Furthermore, the present invention is not limited to the above embodiments,
For example, the fluorescent lamp is not limited to a bent shape such as a W-shape or a U-shape, but may be a straight tube shape or the like, and one or a plurality of fluorescent lamps may be used.

Furthermore, the cross-sectional shape of the bulb 7 in the lamp 6 (the cross-sectional shape of the discharge space) is not limited to a circular shape, but may be a flat shape.
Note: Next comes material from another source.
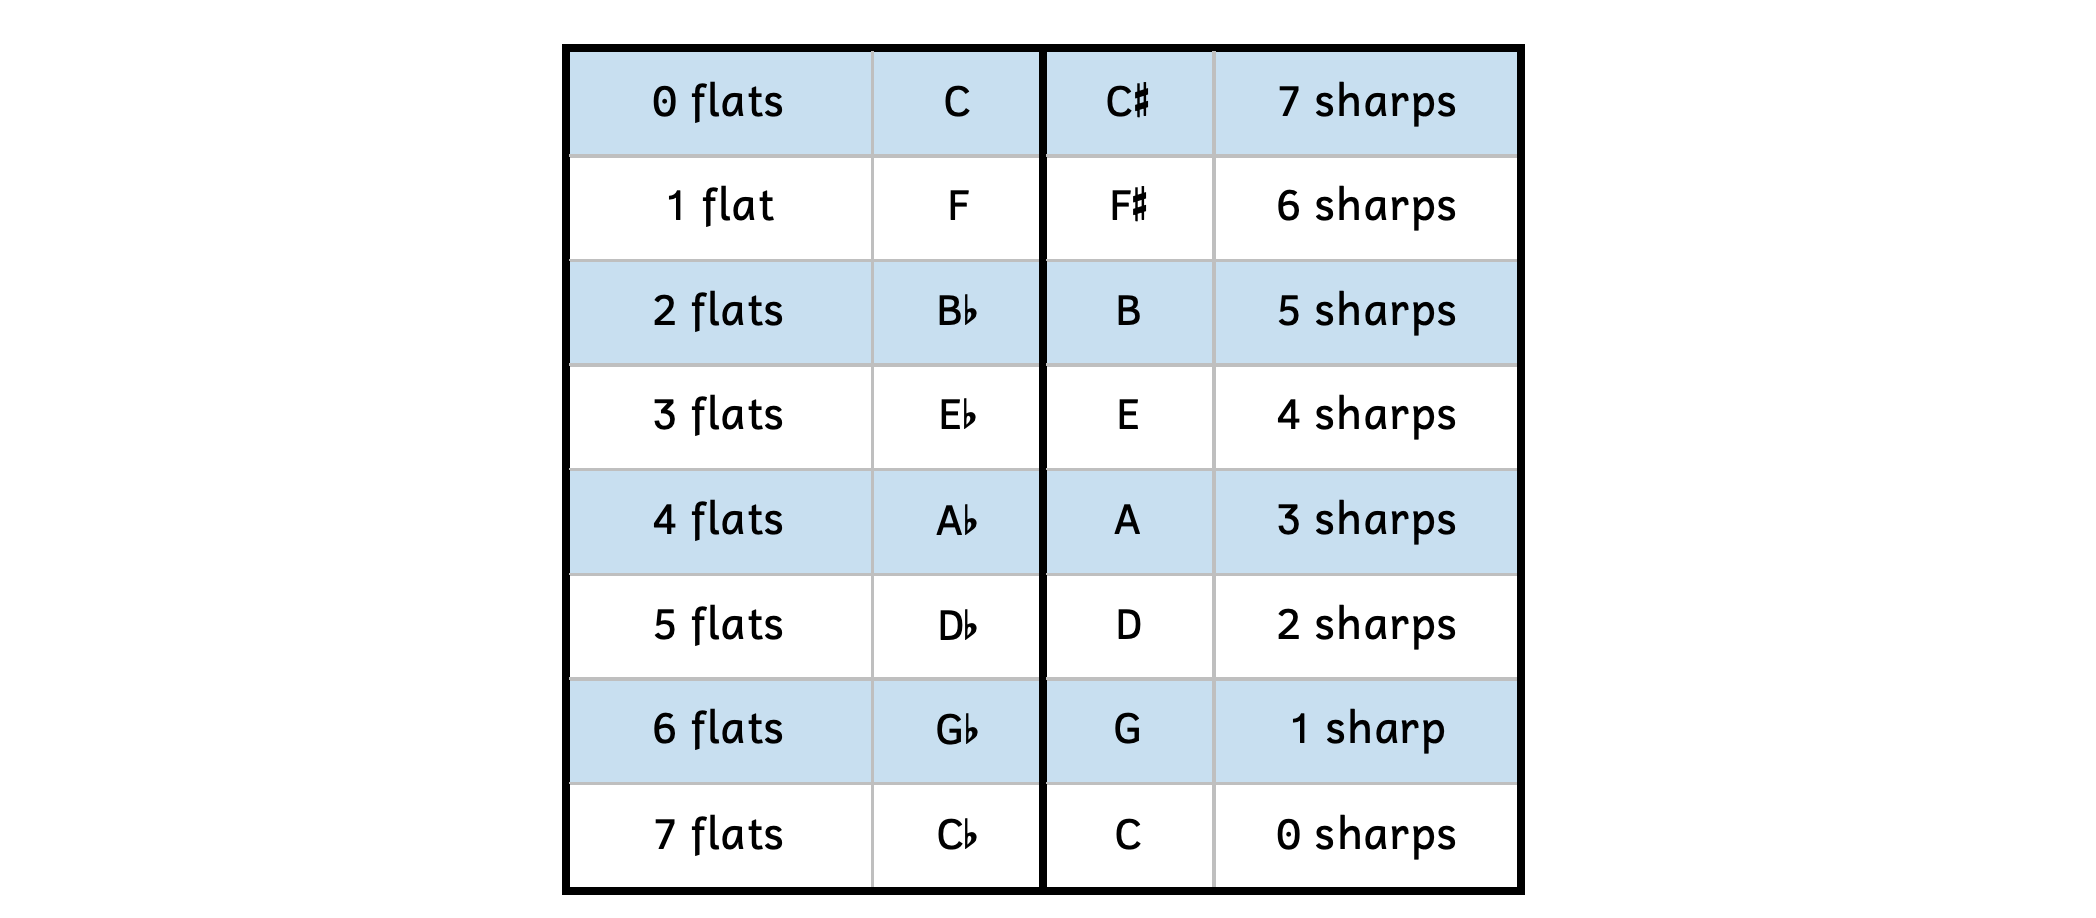 Table comparing major keys with flats and major keys with sharps. C major has zero flats and C-sharp major has 7 sharps. F major has 1 flat and F-sharp major has 6 sharps. B-flat major has 2 flats and B major has 5 sharps. E-flat major has 3 flats and E major has 4 sharps. A-flat major has 4 flats and A major has 3 sharps. D-flat major has 5 flats and D major has 2 sharps. G-flat major has 6 flats and G major has 1 sharp. C-flat major has 7 flats and major has zero sharps.

If the lamp has a flat shape, the side surface with a large light emitting area can face the light diffusing and transmitting plate 25, and the effective utilization rate of the light emitted from the lamp becomes high.

Furthermore, the present invention may be a rare gas discharge lamp in which the bulb is not filled with mercury but only with a rare gas.

The insulating layer of the radiation noise prevention mesh: L15 is
The electrical insulating film 20 is not limited to being laminated, but may be coated with an insulating paint.

Further, the casing 1 may be made of a resin such as polycarbonate, and may be provided with a conductive structure for preventing radiation noise by providing a conductive coating or forming a reflective surface of a conductive material.

[Effects of the Invention] As explained above, according to the present invention, a transparent electrically insulating layer is provided on the radiation noise prevention mesh facing the lamp, so that the radiation noise prevention mesh and the lamp are electrically insulated. This prevents lamp current from leaking from the lamp toward the radiation noise prevention mesh side. This improves luminous efficiency and increases brightness.

BRIEF DESCRIPTION OF THE DRAWINGS The drawings show one embodiment of the present invention, in which FIG. 1 is an exploded perspective view of the whole, and FIG. 2 is a sectional view. 1...Casing, 6...Fluorescent lamp, 7...
Bulb, 10... Electrode, 15... Radiation noise prevention mesh, 20... Insulating film, 25...
Light diffusion and transmission plate.

Claims (1)

[Claims] A lighting device in which a low-pressure discharge lamp lit by a high-frequency power source is housed in a conductive casing having an irradiation part on one side, and a conductive mesh for preventing radiation noise is provided in the irradiation part of the casing. A lighting device characterized in that a transparent insulating layer is formed on the surface of the prevention mesh facing the discharge lamp.